Public transport, as the maximum vehicles of city carrying capacity, has the plurality of advantages such as convenient and swift, with low cost, safety and environmental protection.But simultaneous problems have impact on the efficiency of operation of public transport.The capacity deployment being wherein public transit vehicle is the most significantly uneven, causes the daily problems of operation such as bunching, large-spacing.Public bus network operation is abnormal, can cause the maldistribution of circuit Vehicular occupant, thus cause the efficiency of operation of whole piece circuit low.

In order to solve the problem of mass transit volume maldistribution, usually corresponding control measure can be taked to bus operation circuit vehicle.Such as integrative design intersection, first method, by settling roadside device to detect the traveling-position of public transit vehicle at crossing, vehicle traveling-position is reported to signal control device by roadside device, and control device implements signal priority according to each phase place vehicle condition in crossing to public transit vehicle.Second method detects public transit vehicle position by satellite positioning device, and position data is passed to signal control device and carry out signal priority control.

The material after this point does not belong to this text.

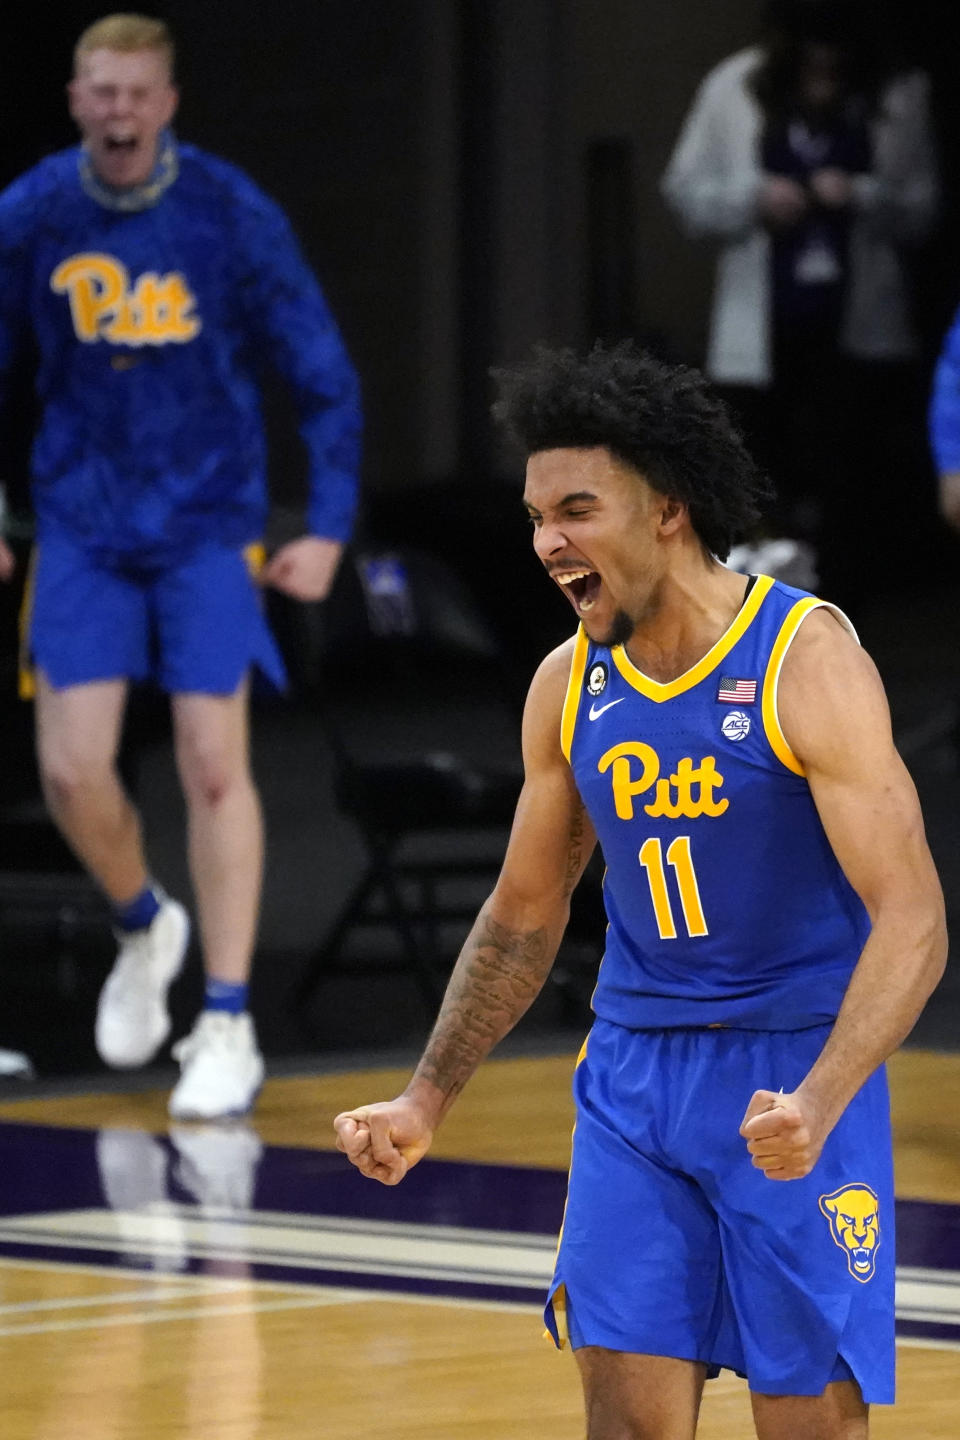 Pittsburgh guard/forward Justin Champagnie (11) reacts after scoring a basket against Northwestern during the second half of an NCAA college basketball game in Evanston, Ill., Wednesday, Dec. 9, 2020. Pittsburgh won 71-70. (AP Photo/Nam Y. Huh)
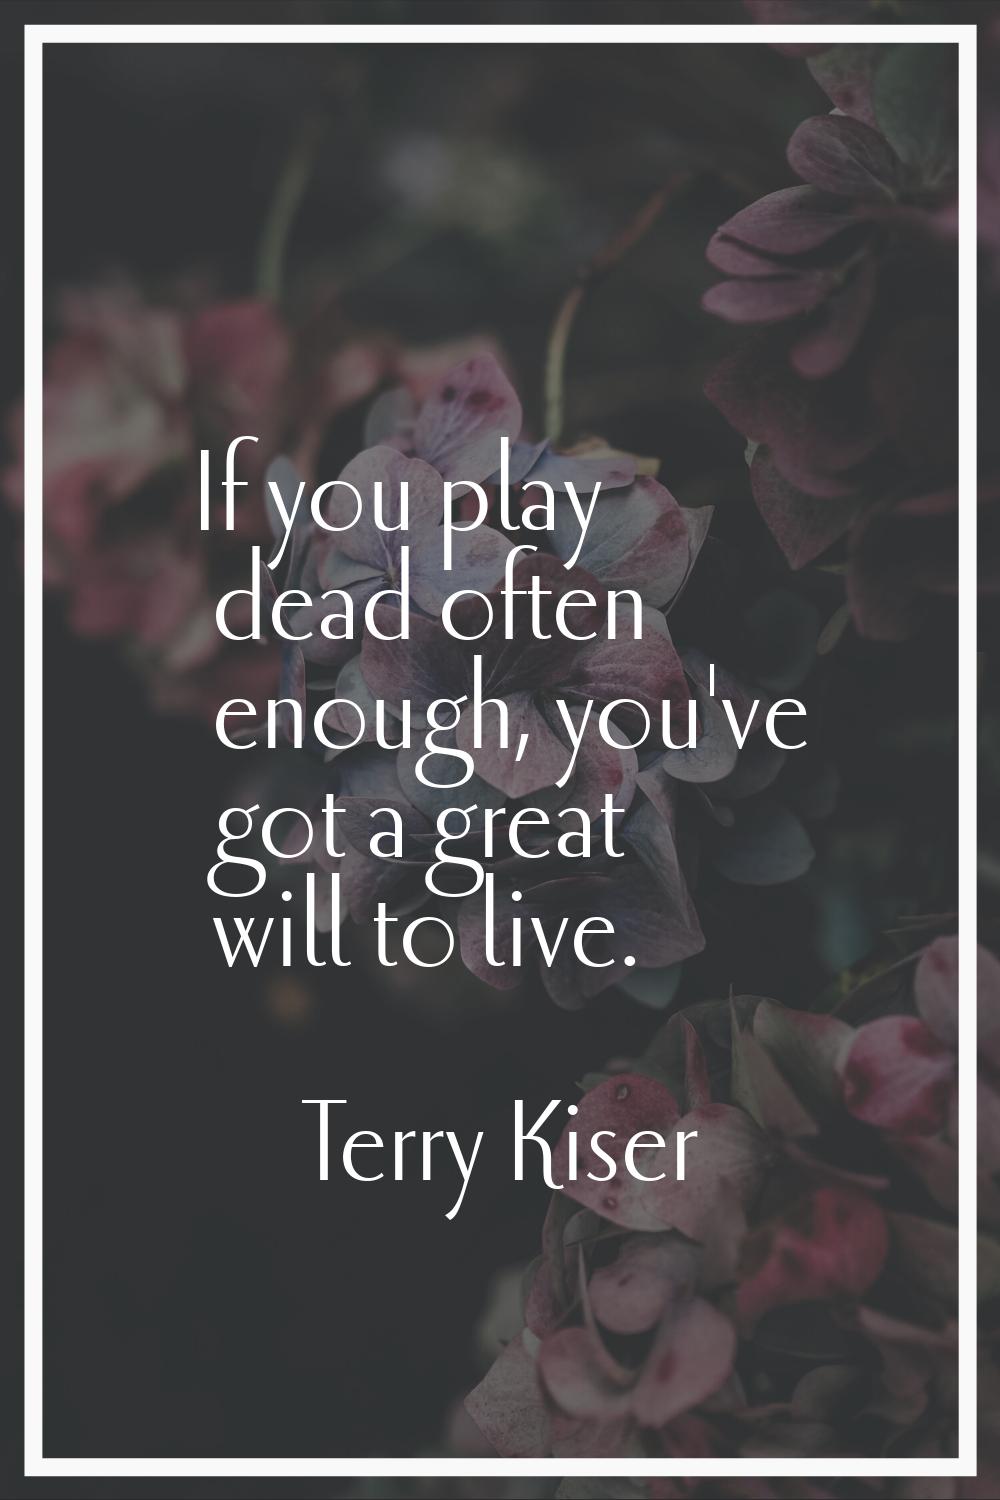 If you play dead often enough, you've got a great will to live.

In such scheme, signal control device carries out priority acccess control by vehicle position information to vehicle.Deposit problem both ways, be first the insufficient problems of data, be embodied in several aspect:

1. lack passengers quantity data in public transit vehicle, because lack passenger data, cause signal control device to can not determine the load factor of public transit vehicle, thus signal control can not be carried out targetedly.

2. lack the location information data between circuit vehicle, because lack the service data of vehicle between circuit, cause signal control device not know the position relationship of fore-aft vehicle, can not truly have and carry out signal control targetedly.

3. public transit vehicle real time position data is not enough, one point data poor reliability, cannot judge public transit vehicle pass through road measuring device after running status, likely cause erroneous judgement to signal control device.

4. lack high precision vehicle position data not have, owing to lacking high precision position data, thus the operation track of vehicle cannot be judged, thus cannot judge that the signal phase corresponding with track causes erroneous judgement accurately.

Above-mentioned 4 mainly because the data of input signal control device do not possess or insufficient, cause the reliability of whole control system to reduce.

Summary of the invention

The object of the invention is to, in order to overcome the problems referred to above, the invention provides a kind of vehicle signal control method strengthening equipment based on Big Dipper ground.

To achieve these goals, the invention provides a kind of vehicle signal control method strengthening equipment based on Big Dipper ground, described method comprises: step 101) gather the vehicle satellite locator data based on the Big Dipper and the Vehicular occupant data based on IC-card; Step 102) define some states and Logic judgment principle; Step 103) according to the state defined and principle, then according to the data gathered, signals of vehicles is controlled.

Optionally, above-mentioned steps 101) comprise further: meter level positional information step 101-1) obtaining vehicle based on satellite location data collection; Step 101-2) obtain passenger inside the vehicle's incremental data by IC-card equipment and car-mounted terminal.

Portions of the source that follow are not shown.